Coluna: Mas doutor, essa multa é confiscatória!
Temos verificado que a menção à “multa confiscatória” e, muitas das vezes, “multa arbitrária” – expressão relacionada às áreas tributária e fiscal –, tem sido uma constante nas indicações dos profissionais e empresários do ramo varejista, principalmente após o cenário de recessão econômica que assolou o nosso país.
Adentrando na seara mais complexa da questão, destacamos as multas tributárias como penalidades administrativas aplicadas em razão de determinada infração a uma obrigação fiscal, as quais podem ser punitivas ou desestimuladoras, dependendo do tipo de violação cometida pelo contribuinte. Ou seja, trata-se de coerção objetiva que o Estado – por meio da edição de suas leis, as quais estipulam o regramento tributário à aplicabilidade das multas – impõe ao contribuinte em razão da violação de seu direito subjetivo de crédito, positivando o fato ilícito da relação tributária.

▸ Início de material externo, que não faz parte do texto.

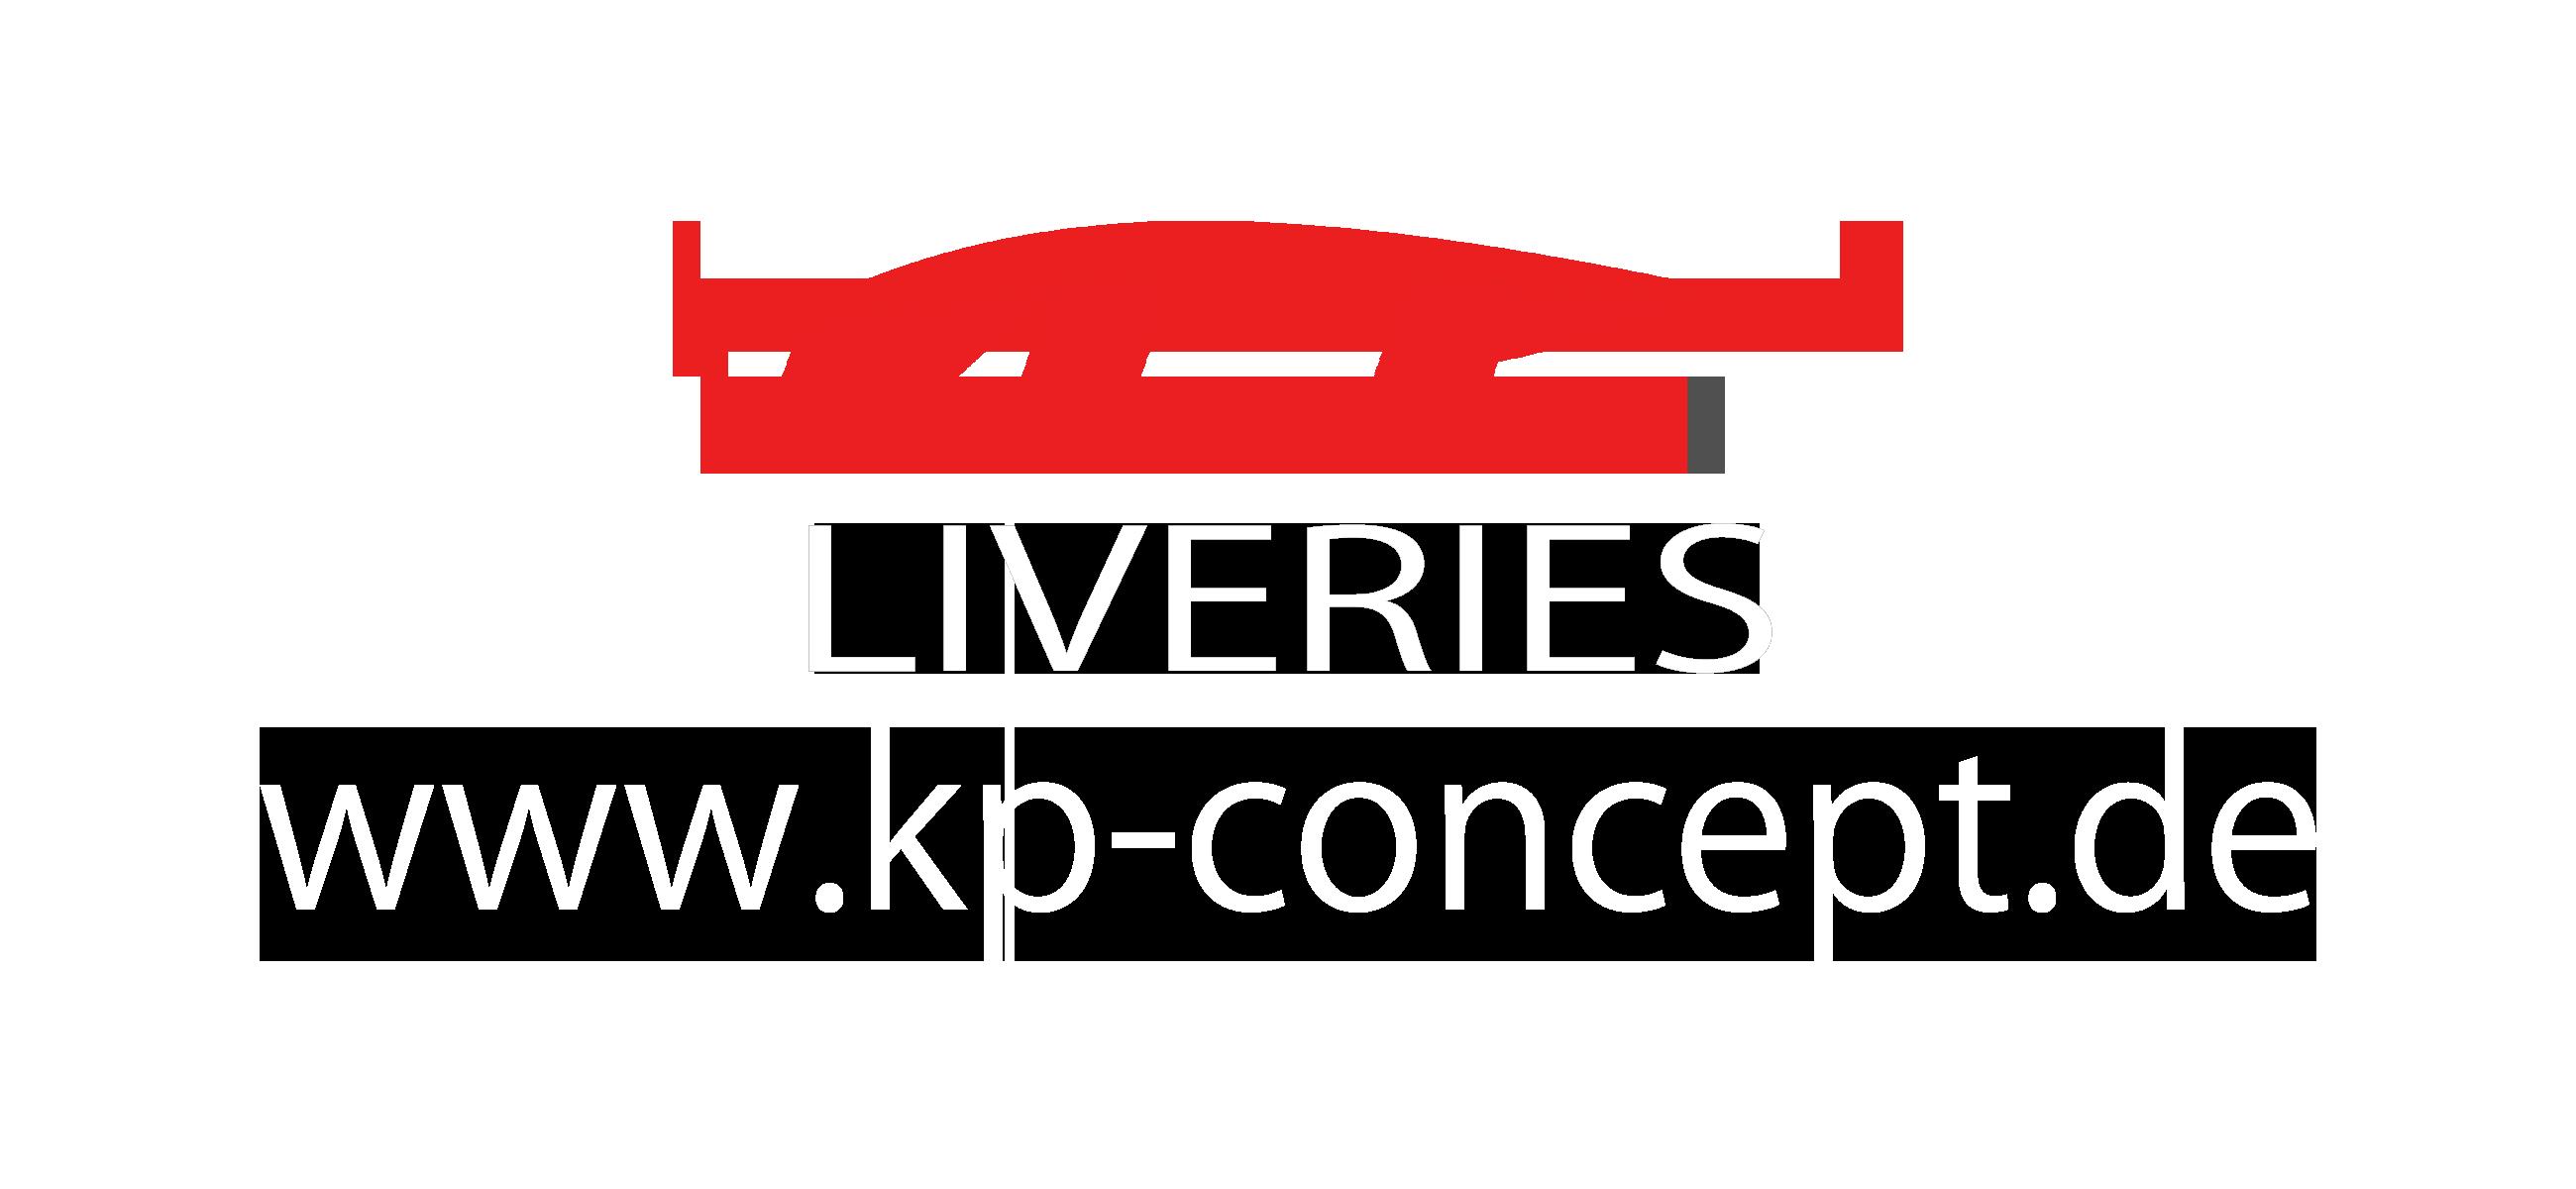 KP-CONCEPT
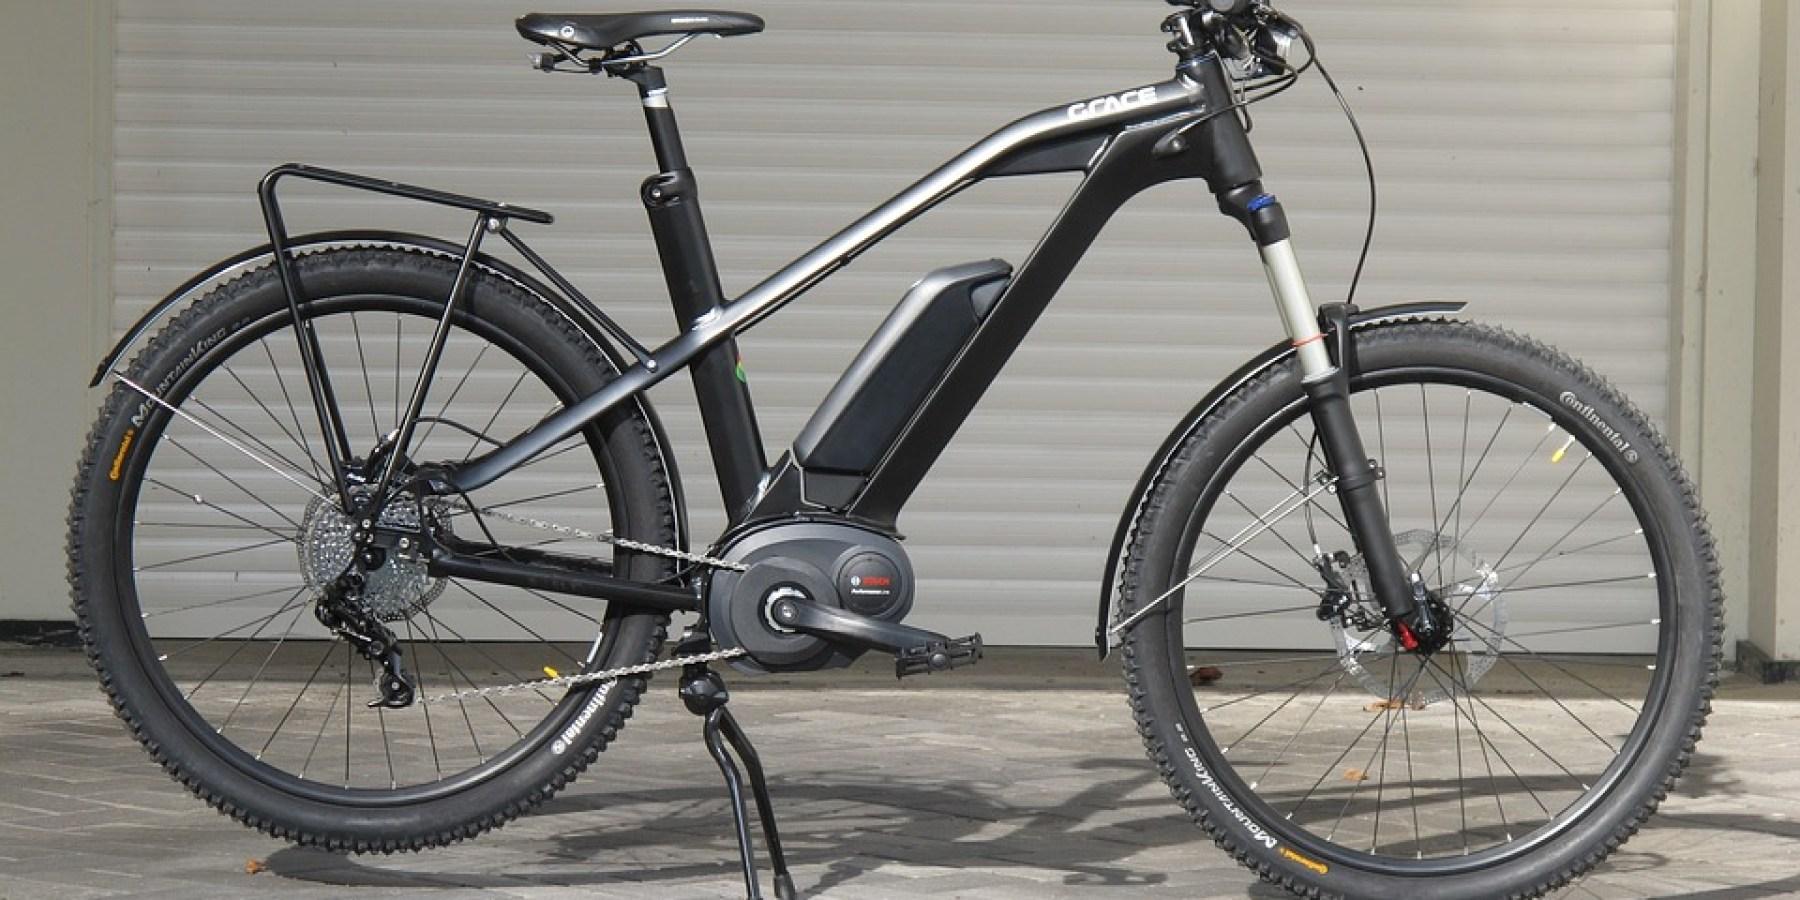 Dieb entwendet E-Bike

Por tais razões, é comum depararmos com situações que nos sujeitam discutir a aplicabilidade de multas majoradas que, em muitos dos casos, ultrapassam o valor da obrigação principal. Para tanto, faz-se necessário observar os Limites do Poder de Tributar inseridos na Constituição Federal do Brasil, que destaca, dentre outros princípios, o Princípio do Não Confisco – que, inserido no inciso IV, do art. 150 da CRFB, veda qualquer pretensão governamental que possa conduzir, no campo da fiscalidade, à injusta apropriação estatal, no todo ou em parte, do patrimônio ou rendimentos dos contribuintes, de maneira a lhes comprometer em razão da insuportabilidade da carga tributária –, bem como os Princípios da legalidade, razoabilidade, proporcionalidade, motivação, ampla defesa e do contraditório.
Todavia, mesmo com a preocupação do constituinte de inserir princípios à Carta Magna, inexiste, em nossa legislação, qualquer indicação quanto aos parâmetros para configuração de multa com efeito confiscatório. Assim, em razão de tal lacuna, os Entes Federativos (União Federal, Estados-Membros, Municípios e Distrito Federal) legislam sobre as multas tributárias aplicando alíquotas que, muitas das vezes, ultrapassam os limites da regra do Não Confisco, eis que fica a cargo do Poder Judiciário utilizar-se do seu livre conhecimento para os fins de definir se determinado valor cobrado pela administração pública está apropriado, adequado, razoável, ou se o mesmo é inconstitucional e tem efeito de confisco.
Destaca-se, portanto, que em razão da necessidade de haver um critério limitativo para aplicação das multas tributárias – de maneira que seja afastada qualquer incerteza do contribuinte e, principalmente, que sejam respeitadas as atribuições meramente punitivas e desestimuladoras –, o tema vem sendo amplamente discutido no judiciário, alcançando repercussão geral com recurso pendente de julgamento pelo Supremo Tribunal Federal, como se observa no RE 736090/SC, o qual discute os limites da multa fiscal qualificada em razão de sonegação, fraude ou conluio, tendo em vista a vedação constitucional ao efeito confiscatório.
É preciso estar atento, pois o próprio STF já se posicionou em limitar o valor das multas em percentual não excedente a 100% sobre o valor do tributo, como ocorreu no julgamento do RE 83.106/GO, devendo tal posicionamento ser adotado pelos tribunais. Portanto, na ocorrência de aplicação de multa que exceda os limites entendidos como proporcionais e de flagrante violação à razoabilidade, é cabível levar à discussão ao judiciário para resguardar os direitos do Contribuinte.
*Ana Paula Rosa é Coordenadora do Conselho Jurídico da ASSERJ.
*Coluna publicada na revista SUPER NEGÓCIOS.